Two lonely lives collide in the cold...
....Ryker catches Saja’s scent from a mile away, loneliness edged in fear, frustration, and utter femininity. He approaches her in order to lend her a hand and get her out of the pack’s way...the sooner she’s gone from Los Lobos, the safer the pack will be. When their gazes meet, her playful hostility arouses the hunter in him, and for the first time in fifty years, the enforcer tastes what it’s like to not be alone...
....But what if the best thing that ever happened to him is a danger to the Black Hills Wolves?
 
BUY: Here 
 
EXCERPT
....As his senses had promised, snow fell steadily, sticking to the frozen ground without struggle. Picking up his pace, Ryker jogged toward the road, following the direction he’d last heard the engine. Covering the distance at a brisk pace, he barely noticed the strain. While he’d rather be on four feet than two, this was at least a run through the snow.
....Metal slammed against metal ahead of him.
....“Now. You’ll work….” Low and husky, the feminine voice added a lilt of conjuring to her statement. Keys rattled. Clicking snapped in the intervening silence. “Son of a futher mucker.” Flesh slapped a surface. A door slammed. “Cold. Cold. Cold. Cold. Cold.”
....More metal banging off metal.
....“Work you piece of crap. I just spent my last five hundred dollars on you. Work.” Bang. Slam. Bang.
....Slowing as the woods gave way to a long stretch of field ending at the blacktopped old highway, he studied the vehicle parked askew on the side of the road. Askew was a generous description. The four-door sedan sat at a nearly ninety-degree angle to the road with the back tires parked in grass.
....“Okay. So, count to ten,” the feminine voice continued. The sound of her shoes slapping the pavement came in time to the numbers. When she reached ten, metal crashed against metal, the clang loud and sharp enough to hurt his ears. “Work!”
....A slender figure popped out from behind the raised hood to dart to the driver’s side door. He paused mid-step as she squinted her eyes closed then whispered, “You will work. You will work. You will work.”
....With a twist of the key, the only thing he heard working was some rapid-fire clicks of the ignition switch trying to fire. Then, even that ceased when what remained of her power leached away.
....“Fuck. Fuck. Fuckity fuck.” The woman flung back against the seat, bashing her closed fists on the steering wheel. “‘Woman dies in freak snowstorm perfectly preserving her remains’ should make a sharable story on Huffington Post sometime next spring.” Even with the defeatist words, the fight in her tone continued to boil.
....Fascinated, despite himself, he watched as she tapped her head against the back of the seat then bounced out of the car in a surge of energy. She raced around the vehicle, jerked the trunk open, and began to rummage through….

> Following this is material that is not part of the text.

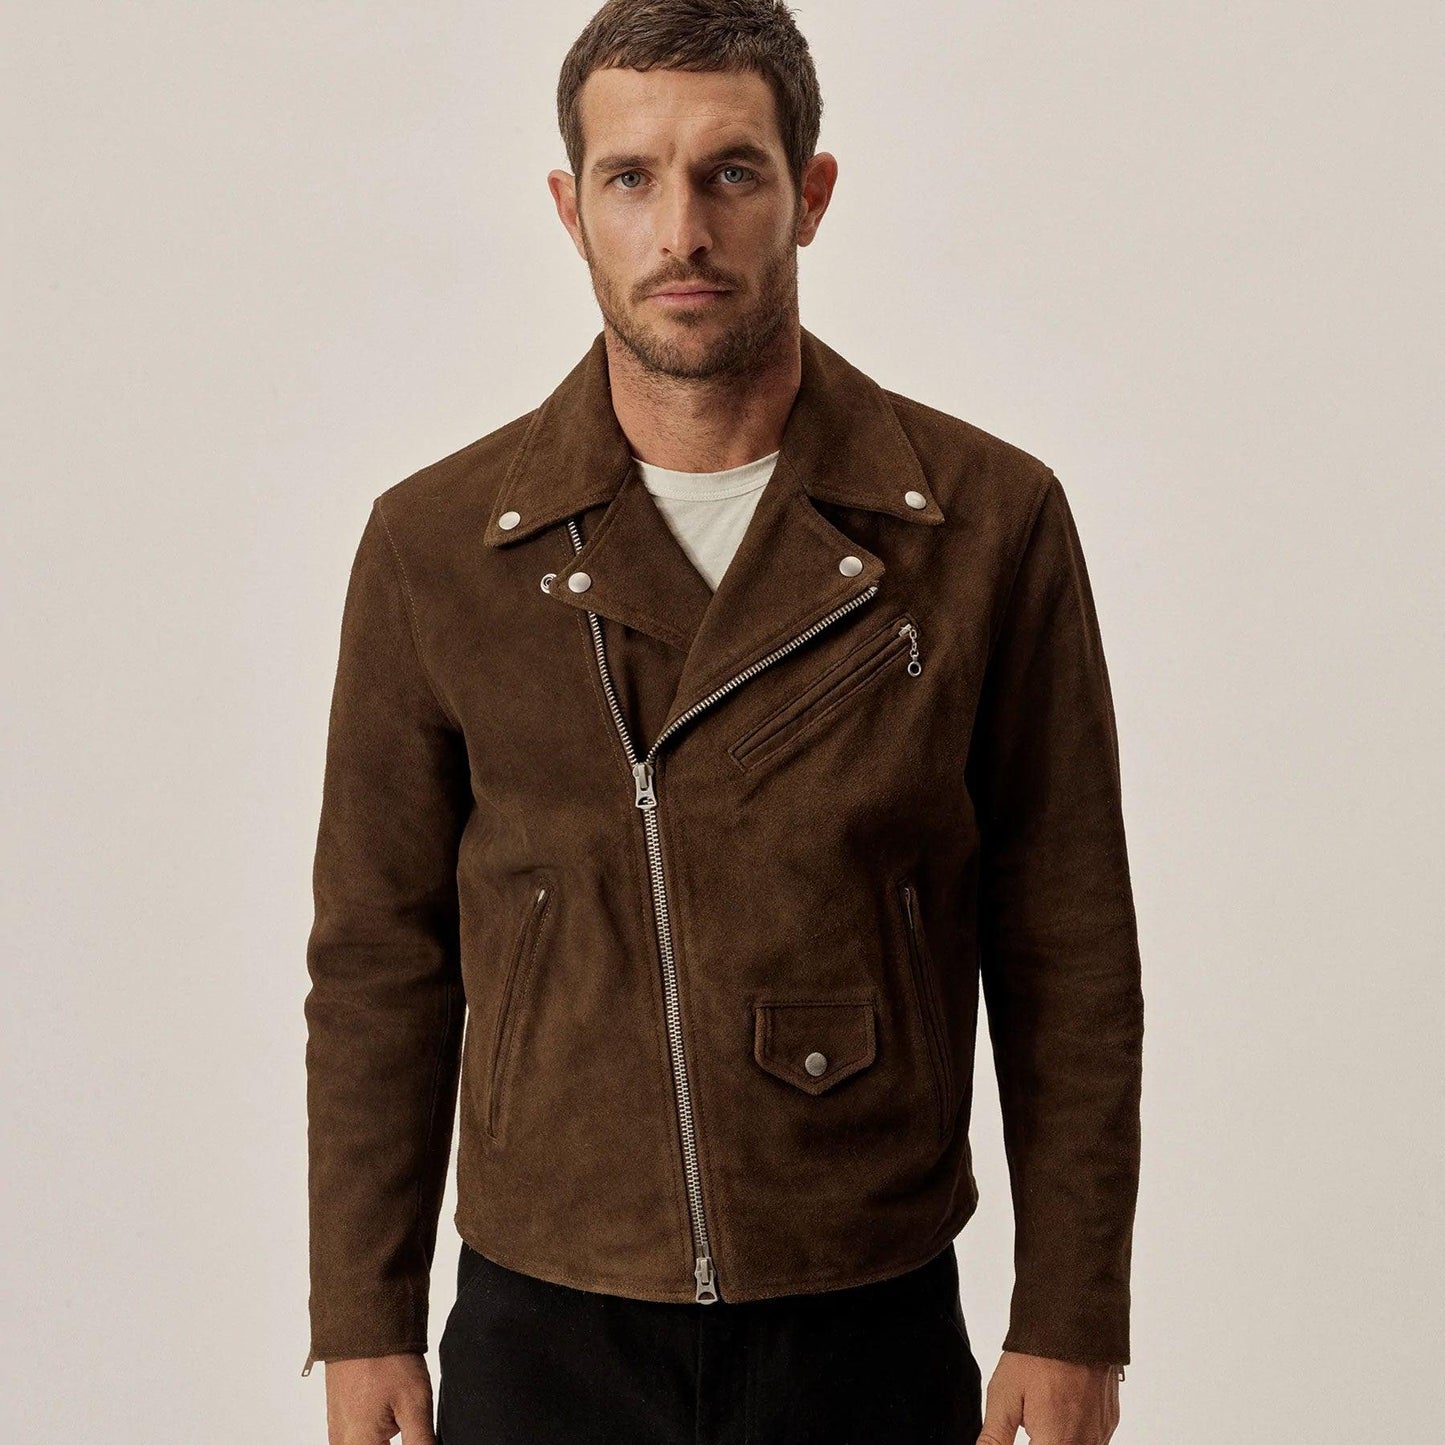 Men's Brown Leather Suede Bomber Jeans Style Jacket

....A wild assortment of scents raced across his nose—older scents, sweat, metal, books, chalk, dust, burned paper, sulfur—underscoring it all was a distinctly feminine musk, exotic and heady, but not too sweet. It carried more of a bite, one not altogether unpleasant. His distracted quarry whirled to face his direction, a small black gun braced in both of her hands.
....Good. She wasn’t utterly defenseless. He approved.
....“You shouldn’t sneak up on people on the side of the road,” she called out in lieu of a greeting. Nothing in her stance betrayed the chill overtaking her fragile form, but a blue tinge touched the edges of her lips, while her face was a shade too pale. She clenched her jaw to keep her teeth from chattering. “Who are you?”
....If she were a Wolf, she would have snapped at him.